Saved data entries:
-- -- --

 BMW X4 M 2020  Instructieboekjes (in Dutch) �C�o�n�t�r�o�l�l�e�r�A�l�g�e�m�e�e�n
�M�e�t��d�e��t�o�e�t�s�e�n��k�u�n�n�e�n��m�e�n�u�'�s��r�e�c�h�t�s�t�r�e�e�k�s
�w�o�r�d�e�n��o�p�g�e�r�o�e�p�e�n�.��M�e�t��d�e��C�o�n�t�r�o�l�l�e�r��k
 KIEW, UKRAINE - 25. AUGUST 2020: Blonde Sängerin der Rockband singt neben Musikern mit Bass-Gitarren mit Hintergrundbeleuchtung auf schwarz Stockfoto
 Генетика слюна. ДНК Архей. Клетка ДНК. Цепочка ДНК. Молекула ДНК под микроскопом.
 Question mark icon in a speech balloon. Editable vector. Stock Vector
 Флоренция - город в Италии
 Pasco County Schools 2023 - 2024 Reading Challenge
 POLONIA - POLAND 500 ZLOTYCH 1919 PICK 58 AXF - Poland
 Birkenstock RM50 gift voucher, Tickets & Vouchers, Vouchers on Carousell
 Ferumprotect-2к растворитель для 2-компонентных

-- -- --

Only the lines from the one containing "Pasco County Schools" through the end of the entries above belong in the answer; repeat them exactly.

 Pasco County Schools 2023 - 2024 Reading Challenge
 POLONIA - POLAND 500 ZLOTYCH 1919 PICK 58 AXF - Poland
 Birkenstock RM50 gift voucher, Tickets & Vouchers, Vouchers on Carousell
 Ferumprotect-2к растворитель для 2-компонентных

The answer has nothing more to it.